Assignment: Once you have reviewed the listing below, restate it word for word.

========================

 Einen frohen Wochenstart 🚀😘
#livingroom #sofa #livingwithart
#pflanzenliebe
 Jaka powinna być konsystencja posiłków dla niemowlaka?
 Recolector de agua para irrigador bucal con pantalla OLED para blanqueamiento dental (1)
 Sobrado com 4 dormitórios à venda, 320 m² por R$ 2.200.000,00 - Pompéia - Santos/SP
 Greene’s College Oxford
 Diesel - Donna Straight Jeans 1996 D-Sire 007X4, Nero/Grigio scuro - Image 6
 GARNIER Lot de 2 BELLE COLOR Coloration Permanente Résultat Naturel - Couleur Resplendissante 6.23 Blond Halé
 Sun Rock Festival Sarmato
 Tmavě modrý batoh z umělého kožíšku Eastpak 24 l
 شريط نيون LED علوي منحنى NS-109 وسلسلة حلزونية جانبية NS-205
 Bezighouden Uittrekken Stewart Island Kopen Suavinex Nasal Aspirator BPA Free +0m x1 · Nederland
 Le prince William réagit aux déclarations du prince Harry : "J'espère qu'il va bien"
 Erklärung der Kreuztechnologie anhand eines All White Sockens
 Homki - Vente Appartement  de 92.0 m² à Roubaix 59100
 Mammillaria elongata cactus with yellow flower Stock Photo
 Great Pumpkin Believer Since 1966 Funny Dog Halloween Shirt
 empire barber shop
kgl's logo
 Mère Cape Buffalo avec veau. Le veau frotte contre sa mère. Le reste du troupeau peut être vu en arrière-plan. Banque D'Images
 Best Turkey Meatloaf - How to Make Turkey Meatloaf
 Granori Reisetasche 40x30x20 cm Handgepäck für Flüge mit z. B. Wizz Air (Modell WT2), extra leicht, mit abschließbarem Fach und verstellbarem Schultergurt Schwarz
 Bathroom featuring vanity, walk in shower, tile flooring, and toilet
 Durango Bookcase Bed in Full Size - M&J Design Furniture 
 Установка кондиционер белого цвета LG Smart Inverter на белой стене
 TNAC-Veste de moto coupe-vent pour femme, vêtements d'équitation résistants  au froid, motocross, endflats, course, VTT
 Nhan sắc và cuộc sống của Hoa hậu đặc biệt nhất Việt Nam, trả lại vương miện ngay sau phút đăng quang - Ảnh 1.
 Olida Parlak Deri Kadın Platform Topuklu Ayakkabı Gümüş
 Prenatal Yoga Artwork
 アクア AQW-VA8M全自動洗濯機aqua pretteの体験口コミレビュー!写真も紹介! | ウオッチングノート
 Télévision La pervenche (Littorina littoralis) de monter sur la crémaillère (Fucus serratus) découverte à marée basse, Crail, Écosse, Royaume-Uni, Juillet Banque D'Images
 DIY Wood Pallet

========================

Reply to the exercise:
 Einen frohen Wochenstart 🚀😘
#livingroom #sofa #livingwithart
#pflanzenliebe
 Jaka powinna być konsystencja posiłków dla niemowlaka?
 Recolector de agua para irrigador bucal con pantalla OLED para blanqueamiento dental (1)
 Sobrado com 4 dormitórios à venda, 320 m² por R$ 2.200.000,00 - Pompéia - Santos/SP
 Greene’s College Oxford
 Diesel - Donna Straight Jeans 1996 D-Sire 007X4, Nero/Grigio scuro - Image 6
 GARNIER Lot de 2 BELLE COLOR Coloration Permanente Résultat Naturel - Couleur Resplendissante 6.23 Blond Halé
 Sun Rock Festival Sarmato
 Tmavě modrý batoh z umělého kožíšku Eastpak 24 l
 شريط نيون LED علوي منحنى NS-109 وسلسلة حلزونية جانبية NS-205
 Bezighouden Uittrekken Stewart Island Kopen Suavinex Nasal Aspirator BPA Free +0m x1 · Nederland
 Le prince William réagit aux déclarations du prince Harry : "J'espère qu'il va bien"
 Erklärung der Kreuztechnologie anhand eines All White Sockens
 Homki - Vente Appartement  de 92.0 m² à Roubaix 59100
 Mammillaria elongata cactus with yellow flower Stock Photo
 Great Pumpkin Believer Since 1966 Funny Dog Halloween Shirt
 empire barber shop
kgl's logo
 Mère Cape Buffalo avec veau. Le veau frotte contre sa mère. Le reste du troupeau peut être vu en arrière-plan. Banque D'Images
 Best Turkey Meatloaf - How to Make Turkey Meatloaf
 Granori Reisetasche 40x30x20 cm Handgepäck für Flüge mit z. B. Wizz Air (Modell WT2), extra leicht, mit abschließbarem Fach und verstellbarem Schultergurt Schwarz
 Bathroom featuring vanity, walk in shower, tile flooring, and toilet
 Durango Bookcase Bed in Full Size - M&J Design Furniture 
 Установка кондиционер белого цвета LG Smart Inverter на белой стене
 TNAC-Veste de moto coupe-vent pour femme, vêtements d'équitation résistants  au froid, motocross, endflats, course, VTT
 Nhan sắc và cuộc sống của Hoa hậu đặc biệt nhất Việt Nam, trả lại vương miện ngay sau phút đăng quang - Ảnh 1.
 Olida Parlak Deri Kadın Platform Topuklu Ayakkabı Gümüş
 Prenatal Yoga Artwork
 アクア AQW-VA8M全自動洗濯機aqua pretteの体験口コミレビュー!写真も紹介! | ウオッチングノート
 Télévision La pervenche (Littorina littoralis) de monter sur la crémaillère (Fucus serratus) découverte à marée basse, Crail, Écosse, Royaume-Uni, Juillet Banque D'Images
 DIY Wood Pallet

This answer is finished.